2018 Annual Meeting of the Renaissance Society of America, New Orleans
IAS-Sponsored Session

New Directions in Representation of the Italian Landscape I: The Functions of Landscape

Hilton New Orleans Riverside, 3, 3rd Floor - Magazine Room
Friday, March 23, 2018,11:00 am-12:30 pm

Organizers: Sarah B. Cantor, University of Maryland, University College and Melissa Yuen, Cantor Arts Center at Stanford University

Chair: Sarah B. Cantor, University of Maryland, University College

Images of the Italian landscape, both real and imagined, have been the subject of many fruitful investigations, from research on broad trends and refined definitions to focused monographs on individual artists. Recent studies have shed new light on the display of landscape paintings in palaces and villas, artistic practice, professional networks, and the intersections between antiquity and natural history. In particular, research into the growing interest in empirical study and the interpretation of nature in early modern Italy has led to a greater understanding of representations of the natural world. The papers in the three panels build on these themes and present new ways to reconsider the portrayal of the landscape and landscape artists working in Italy.

This was the first of 3 linked sessions (only the first of which was able to be sponsored by IAS due to limitations):

I: The Functions of Landscape

II: Landscapes, Architecture, and Antiquity

III: Displaying and Viewing the Landscape


Speakers/Papers

Chloé Pelletier, University of Chicago
"Background & Landscape: Environmental Painting in the Quattrocento"

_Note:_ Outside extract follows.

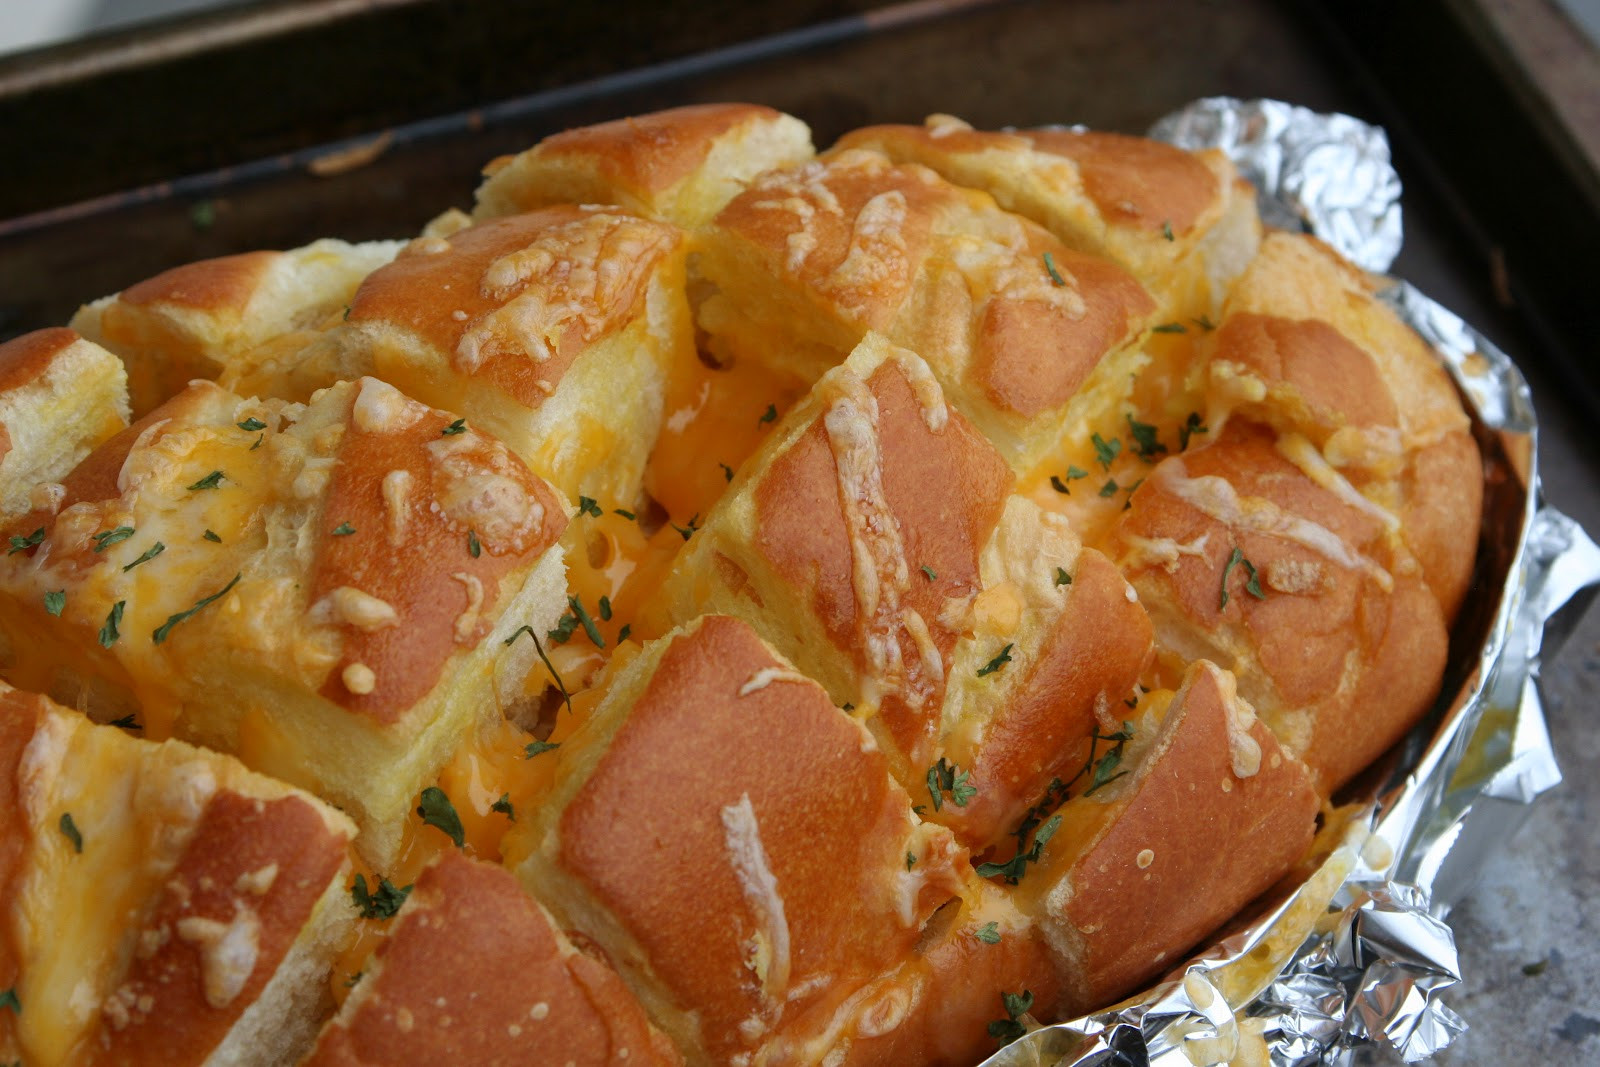 Stuffed Bread Recipes  Recipe Shoebox Stuffed French Bread

As gold-ground painting waned in the quattrocento, Italian artists became increasingly interested in the potential of background as a representational space. Gentile da Fabriano, Carlo Crivelli, and Giovanni Bellini combined meticulously-rendered architectural details with evocative landscape imagery to represent multiple dimensions of the natural environment rendered as systems of functionally and visually interrelated parts: fields, buildings, and people organized and animated by the forces of God, Nature, and man. Existing interpretations of such background images often cast them as derivative of Northern art (charged symbolic landscapes) or as precursors of the landscape genre (naturalistic, objective representations). Resisting binaries of symbolism/naturalism, secular/religious, and content/ornament, this paper proposes to treat these backgrounds as ‘environments,’ a term that allows one to think critically about how backgrounds construct and determine pictorial meaning. Beyond a setting for narrative, background landscapes are complex systems that bring viewers into particular spatio-temporal proximity to depicted events.

Anna House, University of South Carolina
"The City and its Other: Landscape and Sixteenth-Century Cartographic Practice"

This paper examines the multivalent functions of landscape at the margins of sixteenth-century maps and city views. As cartographic methods became more scientific in this period, marginal landscapes remained stubbornly pictorial, providing natural, unruly boundaries that frame manmade territory. Yet the mountains, grassy knolls, and forests at the margins of maps and city views are not neutral; in unacknowledged ways, they could extend, rather than delimit, the world of the map’s depiction. I consider the possibilities of marginal landscape in three prominent sixteenth-century examples: Jacopo de’Barbari’s 1500 View of Venice, with its Alpine horizon; Leonardo Bufalini’s 1551 Plan of Rome; and Georg Braun and Franz Hogenberg’s 1571 Civitates Orbis Terrarum.

James Harper, University of Oregon
"Virtual Duchy: Francesco Mingucci’s Landscapes for Pope Urban VIII and the Devolution of Urbino"

When Pope Urban VIII concluded the 1623 negotiations that would result in the devolution of Urbino to the papacy, he still had to wait for the elderly, heirless Duke to die before he could take possession of the territory. During those eight years of waiting, however, he could comfort himself with a sumptuous volume of over a hundred watercolor landscapes of the duchy, prepared for him by the painter and cartographer Francesco Mingucci. Paging through these views, the pope could access a direct and visceral sense of ownership and accomplishment.

This paper analyzes Mingucci’s paintings and his panegyric introduction in their political context, and offers the volume as an unusually concrete example of the idea that landscape views are simulacra of the places they depict. Mingucci’s bird’s-eye views and encyclopedic approach match his goals; taken together, the landscape images in the volume represent the state both literally and conceptually.